2. Définitions contradictoires entre les domaines
La signification d'un « enregistrement » peut varier selon la personne à qui vous vous adressez au sein de l'organisation.
Les équipes chargées des achats, des finances et des ventes définissent souvent la même entité à leur manière. Un « produit » dans un système de gestion du cycle de vie des produits peut ne pas correspondre à un « produit » dans la tarification, et la classification des fournisseurs dans un système peut contredire une notation de risque dans un autre.
Un agent capable de raisonner de manière transversale n’a aucun moyen de résoudre ce problème par lui-même. Il se contente de choisir une définition et d’agir en conséquence.
Sans définitions communes à tous les domaines, un agent ne peut pas produire d'informations fiables. Il ne peut que formuler une hypothèse qui, par hasard, correspond à la vision d'un système donné.
3. Absence de traçabilité
Lorsqu'un résultat produit par un agent semble erroné, la question qui se pose alors est toujours la même : pourquoi a-t-il pris cette décision ?

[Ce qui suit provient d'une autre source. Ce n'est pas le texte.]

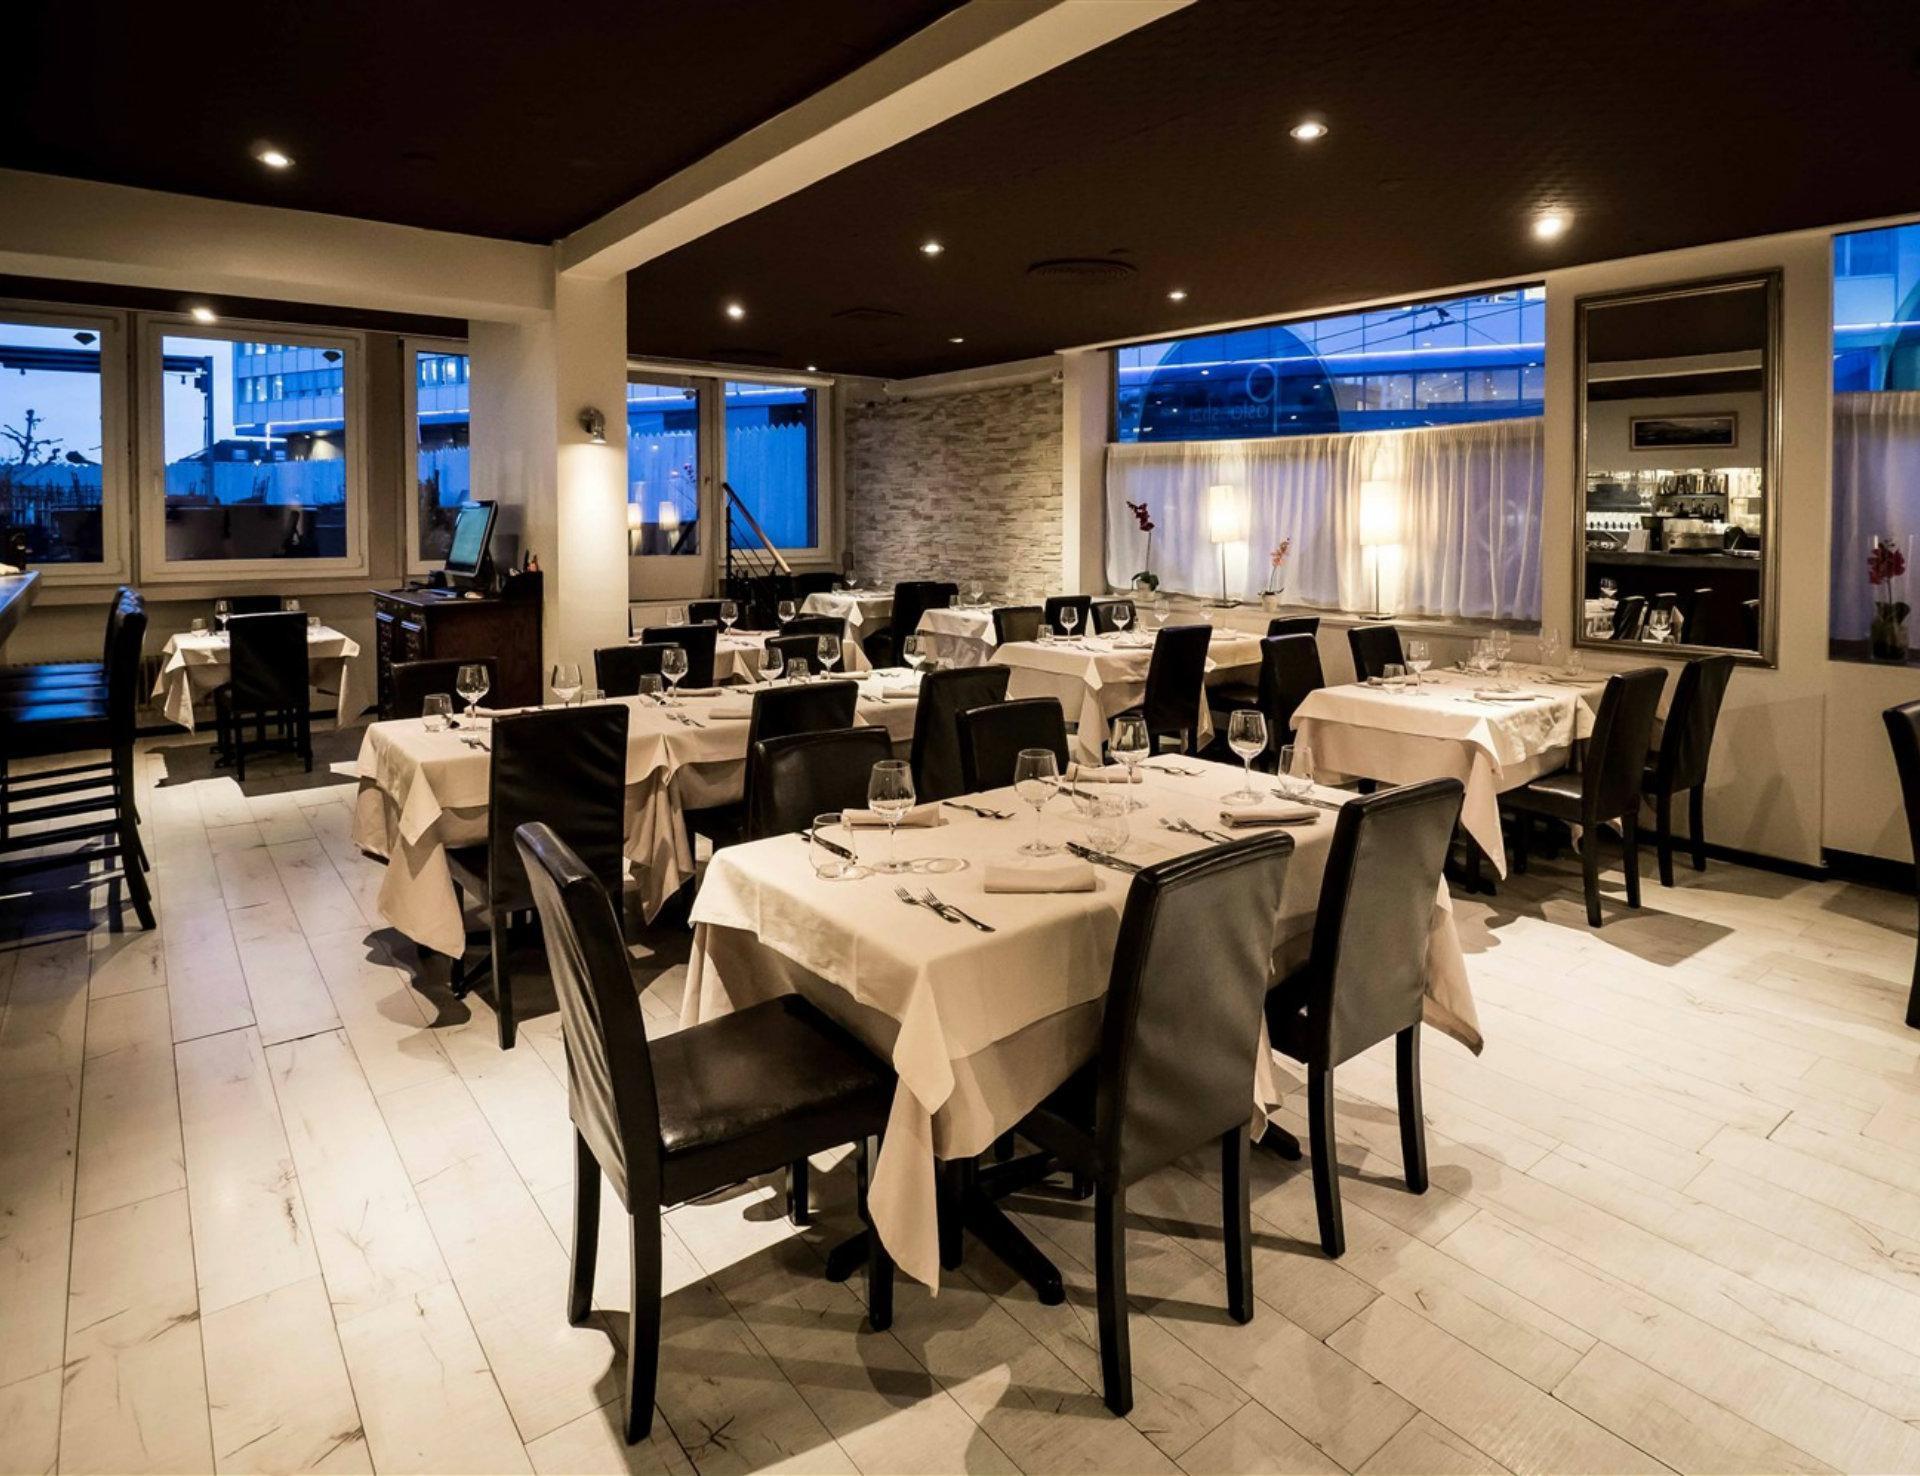 De la gastronomie à l'italienne

Sans traçabilité, cette question reste sans réponse. Personne ne peut remonter à l’origine de la recommandation pour déterminer :
- Les enregistrements sources
- Les relations entre ces derniers
- Les règles métier appliquées tout au long du processus
La décision n'est pas accompagnée d'une traçabilité, ce qui rend impossible sa reproduction ou sa justification.
Cela a des conséquences bien au-delà de l'équipe chargée des données. La loi européenne sur l'IA exige que les systèmes d'IA à haut risque produisent des résultats pouvant être interprétés, documentés et tracés.
Pour les secteurs réglementés, l’absence de traçabilité transforme chaque décision inexplicable prise par un agent en un risque de non-conformité.
4. Absence de propriété des données ou de responsabilité clairement définie
Les données sur les produits appartiennent à une équipe. Les données sur les fournisseurs appartiennent à une autre, et dans la plupart des entreprises, personne n’est responsable de la relation entre les deux.
Cela fonctionne bien lorsque les humains prennent chaque décision au sein de leur propre domaine. Mais cela ne fonctionne plus dès lors qu’un agent a besoin de données cohérentes entre plusieurs domaines pour agir.
Personne n'a l'autorité nécessaire pour résoudre un conflit entre une fiche produit et une fiche fournisseur, car la responsabilité s'arrête aux limites de chaque système.
Sans une structure de responsabilité claire, la gouvernance inter-domaines ne fonctionne tout simplement pas.
5. Absence de seuils de confiance ou de procédure d’escalade pour les interventions des agents
Recommander une décision et la mettre en œuvre ne présentent pas le même niveau de risque. La plupart des cadres de gouvernance n’ont été conçus que pour le premier cas.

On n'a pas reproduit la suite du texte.